As described above in detail, according to the present invention, it is possible to provide a polarizing prism having a small volume, good characteristics and suitable for mass production.

[0012]

[Brief description of drawings]

FIG. 1 is a perspective view showing an embodiment of the present invention.

FIG. 2 is a side view illustrating the operation of the polarization prism of the present invention.

3 (a), (b) and (c) are diagrams showing the relationship between the optical axis of the crystal of each polarization plane of the polarization prism of the present invention and the polarization direction of a light beam.

FIG. 4 is a block diagram showing an outline of an optical device using the polarizing prism of the present invention.

FIG. 5 is a plan view for explaining cutting out of a conventional Wollaston prism from an artificial crystal of a Y rod.

FIG. 6 is a side view for explaining cutting out of a conventional Wollaston prism from an artificial quartz crystal of a Y rod.

FIG. 7 is a side view for explaining the operation of the conventional Wollaston prism.

FIG. 8 is a diagram showing a polarization plane of a conventional Wollaston prism.

FIG. 9 is a block diagram showing an example of an outline of an optical device using a conventional Wollaston prism.

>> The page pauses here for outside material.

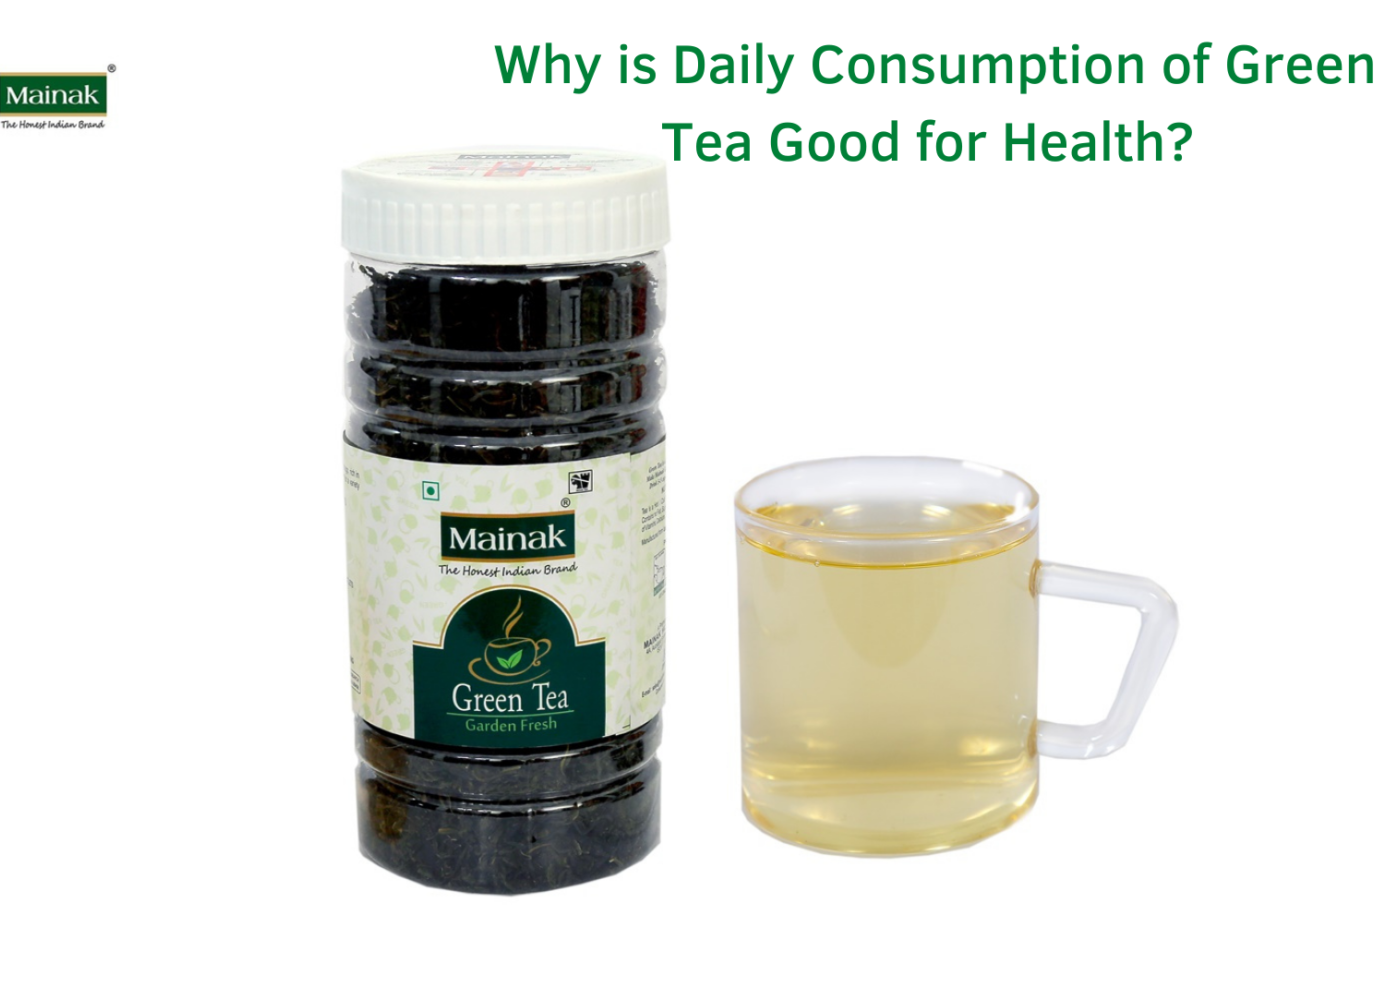 Why is Daily Consumption of Green Tea Good for Health

FIG. 10 is a block diagram showing another example of the outline of an optical device using a conventional Wollaston prism.

FIG. 11 is a side view showing still another example of a conventional Wollaston prism.

12 is a diagram showing a polarization plane of the Wollaston prism shown in FIG.

13 is a block diagram showing an outline of an optical instrument using the Wollaston prism shown in FIG.

[Explanation of symbols]

 31 Right angle prism 32 Optical rotator 33 Polarizing prism

Claims (2)

[Claims] 1. A birefringent prism in which first and second prisms made of a birefringent crystal are cemented, wherein a polarization rotator is interposed between the cemented surfaces of the first and second prisms. apparatus. 2. A polarizing prism device according to claim 1, wherein the optical axis of the crystal of the optical rotator is arranged parallel to the incident light.